In her pre-K classroom, she was taught about "healthy" and "unhealthy" foods and this has led to lots of conversation at our house. She likes to test me and see what I am going to say about the food she is eating. Vivian is trying to figure out this world view her mother has that is different from her wonderful and loved teachers. I like to tell her about all different food scenarios that are "healthy," regardless of what is being eaten. For example, a person sitting and eating a dessert with a loved one and feeling safe, calm and happy is so healthy.
Today she asked me, "Mama, Is love healthy?"
With that one question, I felt like maybe she "got it." She "got" what I'm slowing exposing her to, that "health" isn't necessarily in the nutrients you eat, but also in the emotions you feel. She learns at school that certain foods are "healthy," and other foods are "not," but what about the shame and guilt these messages evoke? What about the loss of connection a person my experience if they don't eat the "unhealthy" food. What about the loss of connection with their own body, if they follow these arbitrary outside rules?

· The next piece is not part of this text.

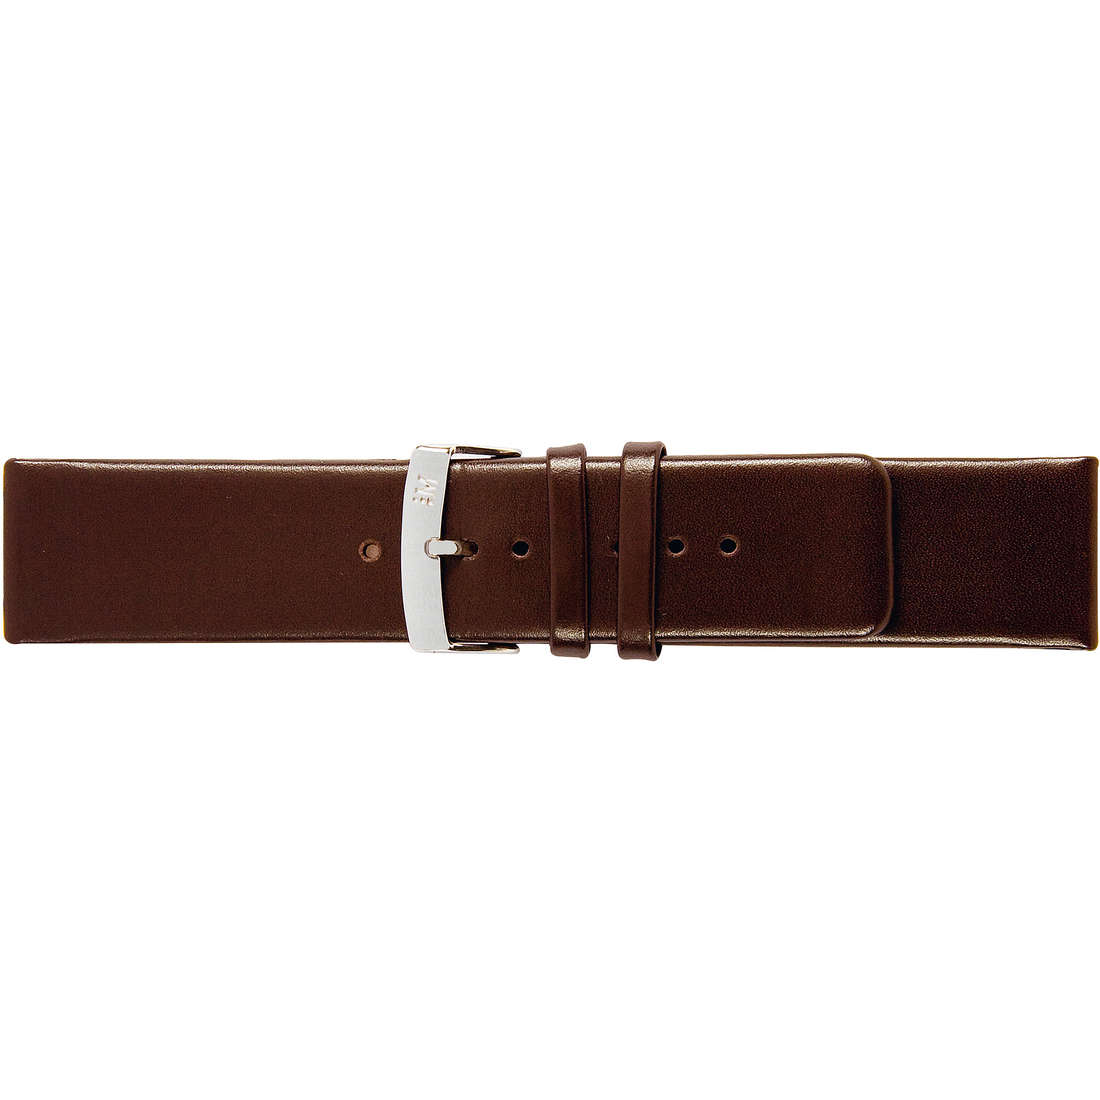 watch watch bands watch straps man Morellato Morellato 1930 A01X3076875032CR22

Diet Culture is Defining “Health”
Diet culture, and the hatred of bodies that is inherent to diet culture, greatly influences our beliefs about health. Vivian is taught in school one food is "healthy," while another is not. Popular culture tells us it's "healthy" to lose weight or look a certain way. We’re told that "healthy" behaviors are often based on ignoring what our bodies are telling us and sometimes even doing things that feel badly or hurt our bodies. Many healthcare providers use shame or criticism as a way to "motivate" patients to be "healthier." We’re told it's "healthy" to burn, shred or push our body to the limit, regardless of pain or the messages our bodies are giving us.
Love and Care
Instead of diet culture defining health, we need to focus on what true health is. This is where Valentine's Day comes in. Does ignoring what our bodies are telling us, and instead prescribing to external rules, sound like a supportive, lovely relationship with your body? Love, care and appreciation are all important for a healthy relationship. Research shows that when people have positive feelings about their bodies, they are more likely to take care of their body (Tylka et al, 2014). We have it all wrong, we need to be loving, caring and appreciating our bodies. THAT is healthy.
What if it’s “healthy” to:
- Listen to what your body wants to eat, whether that's a big salad or big plate of pasta, and eat it. Rather than saying it’s “healthy” to only eat X, Y, and Z.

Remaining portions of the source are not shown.